Data block below:

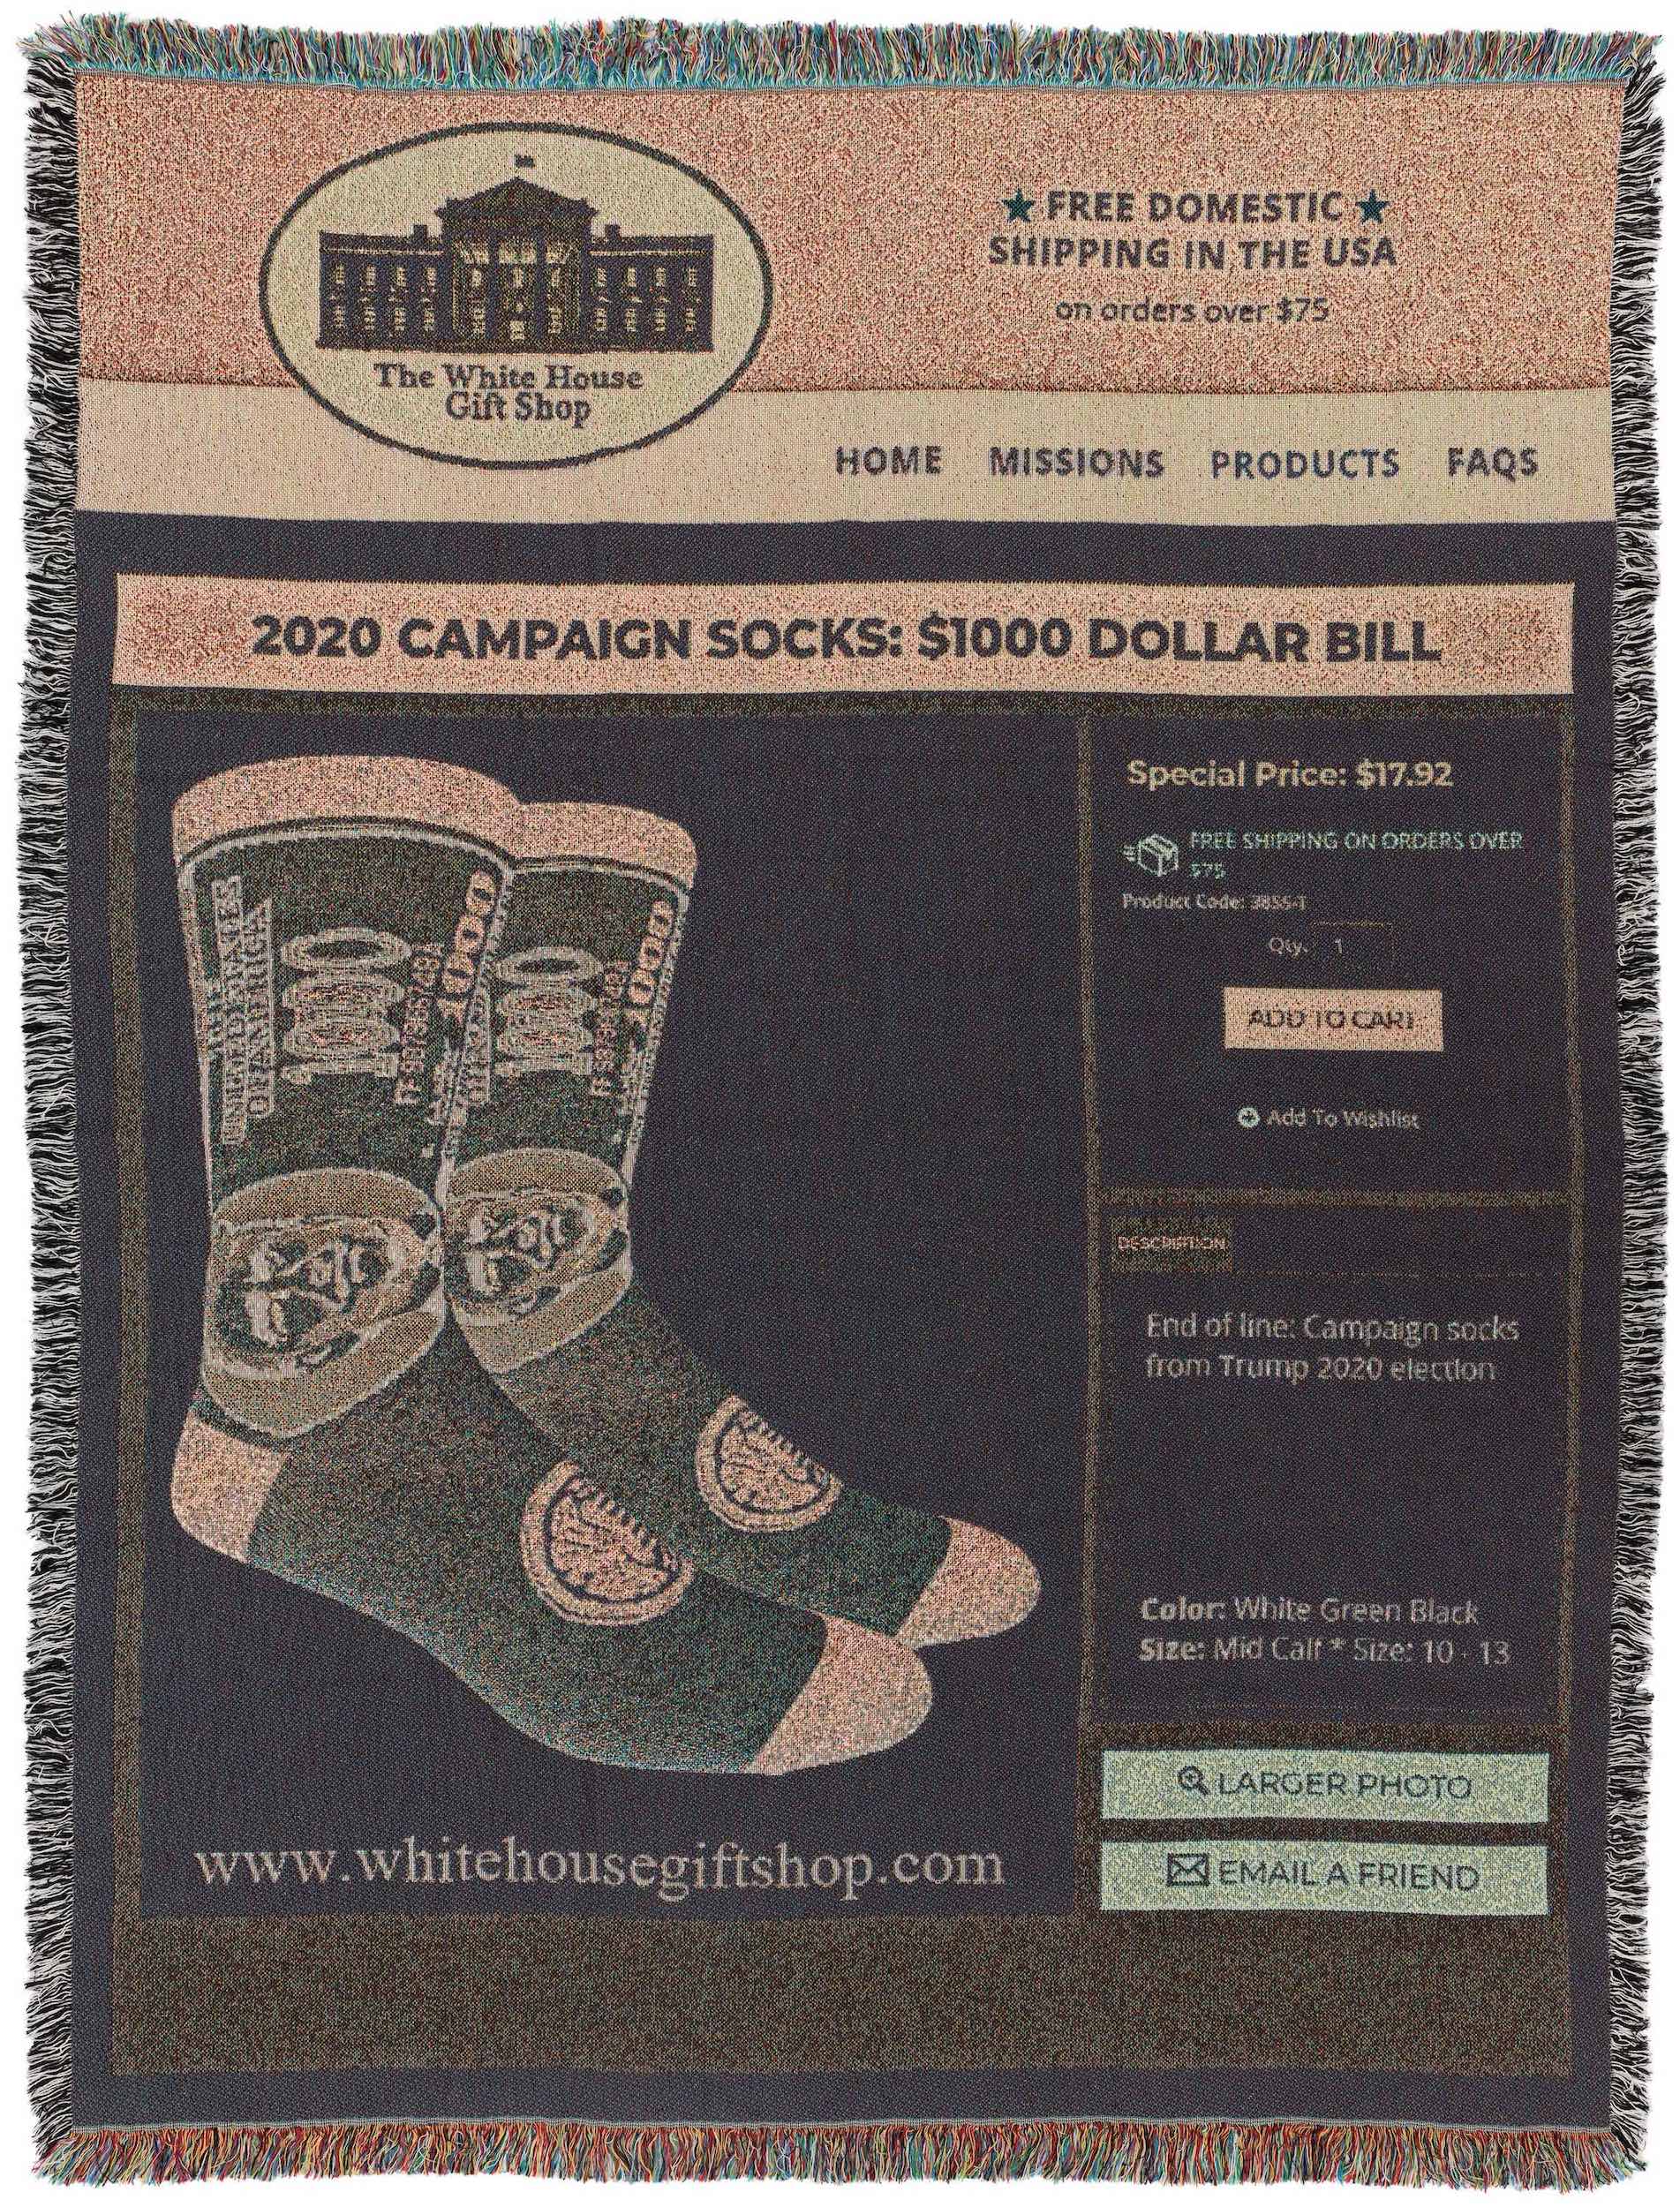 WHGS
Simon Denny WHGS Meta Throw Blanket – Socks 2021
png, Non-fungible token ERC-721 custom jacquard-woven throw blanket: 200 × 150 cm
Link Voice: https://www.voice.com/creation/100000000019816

End of Data block.

:: Task directions ::
Without any of the pictures, reproduce the listing above exactly.

:: Answer space ::
 WHGS
Simon Denny WHGS Meta Throw Blanket – Socks 2021
png, Non-fungible token ERC-721 custom jacquard-woven throw blanket: 200 × 150 cm
Link Voice: https://www.voice.com/creation/100000000019816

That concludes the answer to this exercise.